In the JVM, the cost of copying objects is much higher than the cost of scanning. If there are more long-lived objects in the heap memory, increasing the young generation space at this time will increase the Minor GC time. If there are many short-term objects in the heap, the new generation will be expanded and the time of a single Minor GC will not increase significantly.
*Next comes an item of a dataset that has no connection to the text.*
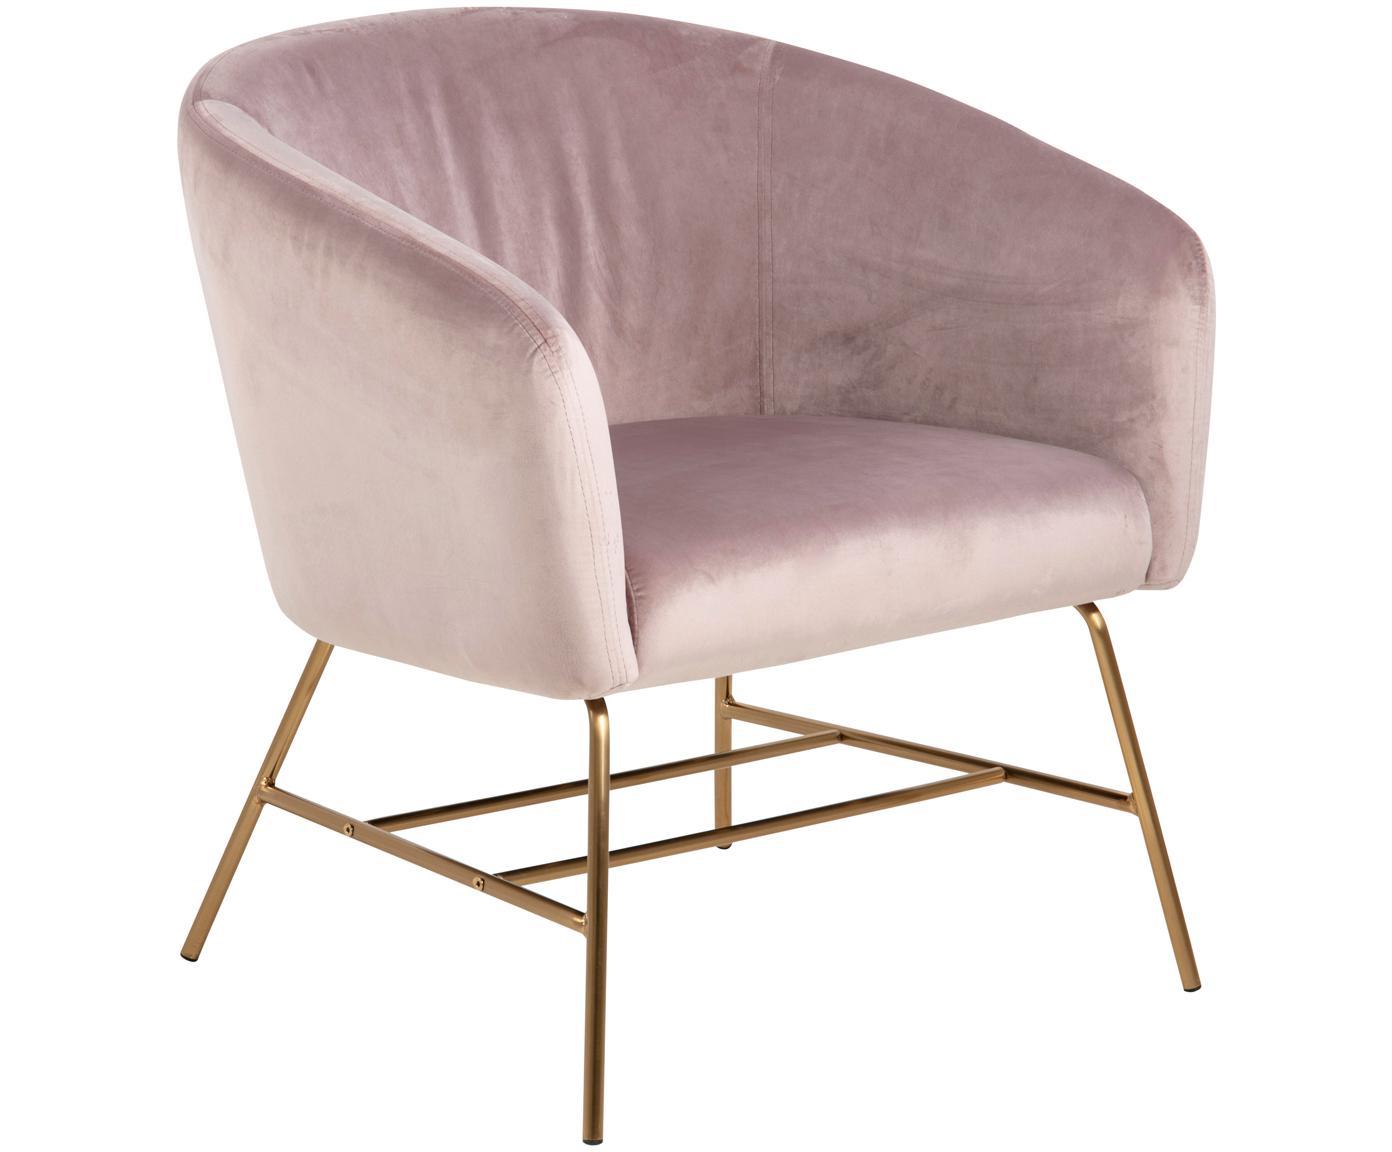 Moderne fluwelen fauteuil Ramsey in roze, Bekleding: polyester fluweel, Poten: gelakt metaal, Roze, messingkleurig, B 72 x D 67 cm

Therefore, the time of a single Minor GC depends more on the number of surviving objects after the GC, rather than the size of the Eden area.

This explains why in the previous memory adjustment scheme, the performance of scheme one was worse, but the performance of scheme two increased significantly.

Recommended strategy

1. New generation size selection·

• Response time priority application: Set as large as possible until it is close to the minimum response time limit of the system (selected according to the actual situation). In this case, the frequency of the new generation collection is also the smallest. At the same time, reduce the objects that reach the old generation . (Scene with fewer large objects and fewer undead objects)
• Throughput-first applications: Set as large as possible, which may reach the level of Gbit. Because there is no requirement for response time, garbage collection can be performed in parallel, which is generally suitable for applications with 8 CPU or more.
• Avoid setting too small. When the young generation is set too small, it will cause: 1. MinorGC times are more frequent 2. It may cause the MinorGC object to directly enter the old generation. If the old generation is full at this time, FullGC will be triggered.

2. Old age size selection

Response time priority applications: The old age uses concurrent collectors, so its size needs to be set carefully. Generally, some parameters such as concurrent session rate and session duration should be considered. If the heap setting is small, it may cause memory fragmentation, high recovery frequency and The application is suspended and the traditional mark removal method is used;

If the heap is large, it will take a long time to collect. The most optimized solution generally needs to be obtained by referring to the following data:

Concurrent garbage collection information, the number of concurrent collections in the persistent generation, traditional GC information, and the proportion of time spent on recycling in the young and old generations.

Throughput-first applications: Generally, throughput-first applications have a large young generation and a small old generation. The reason is that most short-term objects can be recycled as much as possible, and the medium-term objects can be reduced, so that the old generation Try to store long-lived objects.